Ja und natürlich das downhilln
Dies ist aber die letzten Jahre sehr auf der Strecke geblieben, da ich all meine Bikes und Klamotten über den Tisch geschoben hab.

Leider rostet man auch sehr schnell wieder ein, deshalb habe ich mich dazu entschlossen, wieder einen Brügel nach Hause kommen zu lassen!

Man schimpft es Ghost DH 2011 Black / Green oder wie auch immer  :Mr. Brown: 
Dank des Internets stand es in größe M für schmales Geld Nach zwei Tagen vor der Tür, dazu ein netten Helm von TroyLee, passende Handschuhe von ihm und ein Fox Jersey.
Eine passende Hose fand ich noch im Schrank, Protektoren sind zum Teil noch vorhanden, werden aber durch neue ersetzt. Das aber dann im Laden, um sie auch anzuprobieren. 

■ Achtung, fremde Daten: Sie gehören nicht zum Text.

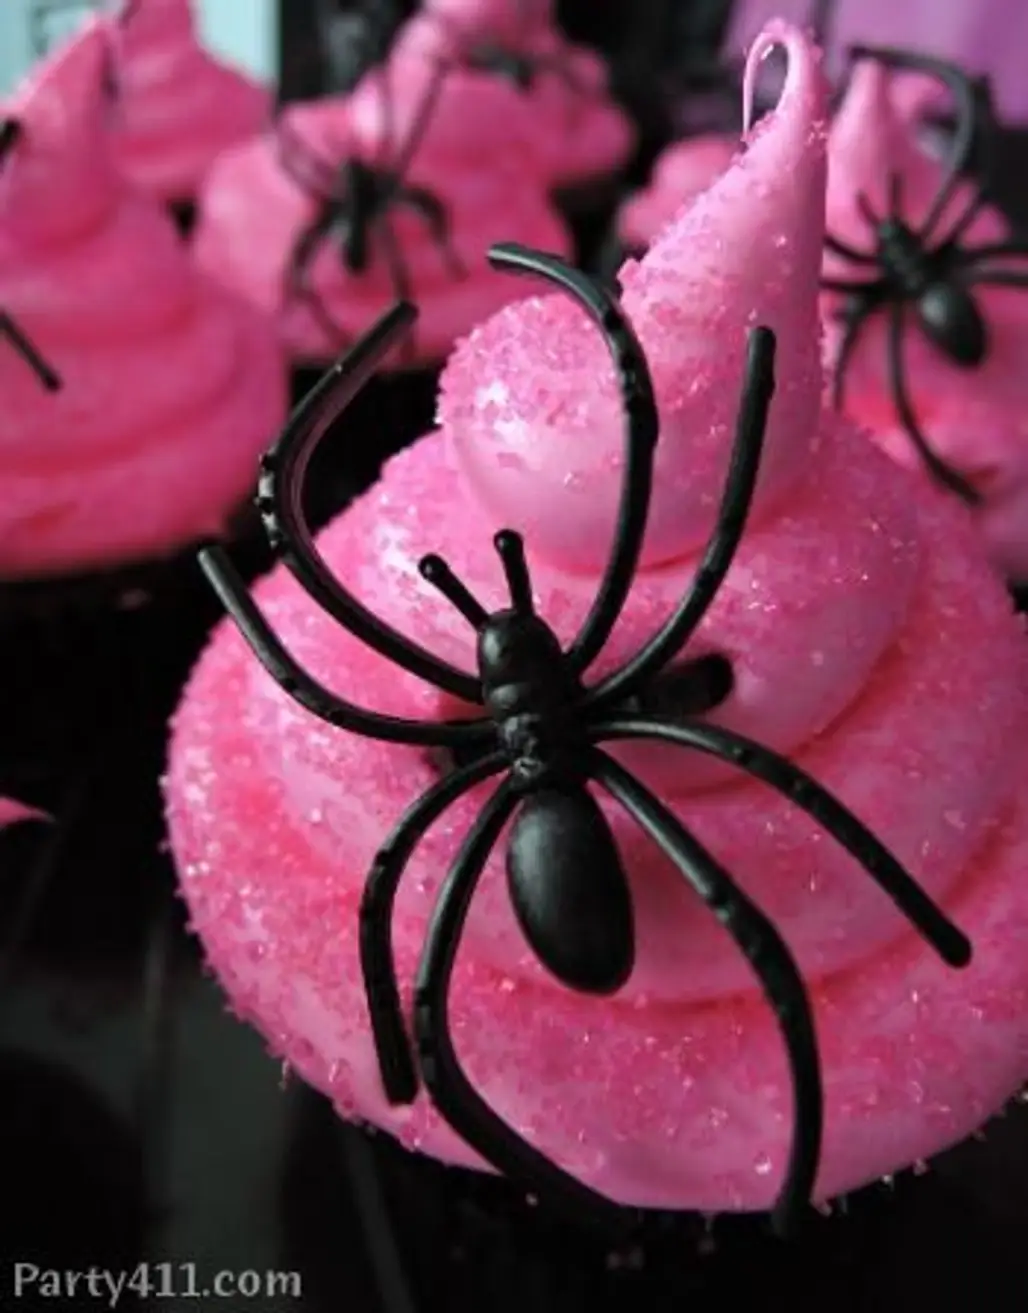 Black Spider against Bright Pink

Wie ich lese kommen ja einige hier aus der Umgebung, vielleicht unternimmt man ja mal was zusammen. Denn dies macht bekanntlich mehr Spaß  :Mr. Yellow: 

Mein erster Ausflug dieses Jahr wird wohl in den bikepark Albstadt gehen, um mal alles ein wenig einzufahren und einzustellen.


Ja genug gefaselt würd ich sagen, Bilder folgen....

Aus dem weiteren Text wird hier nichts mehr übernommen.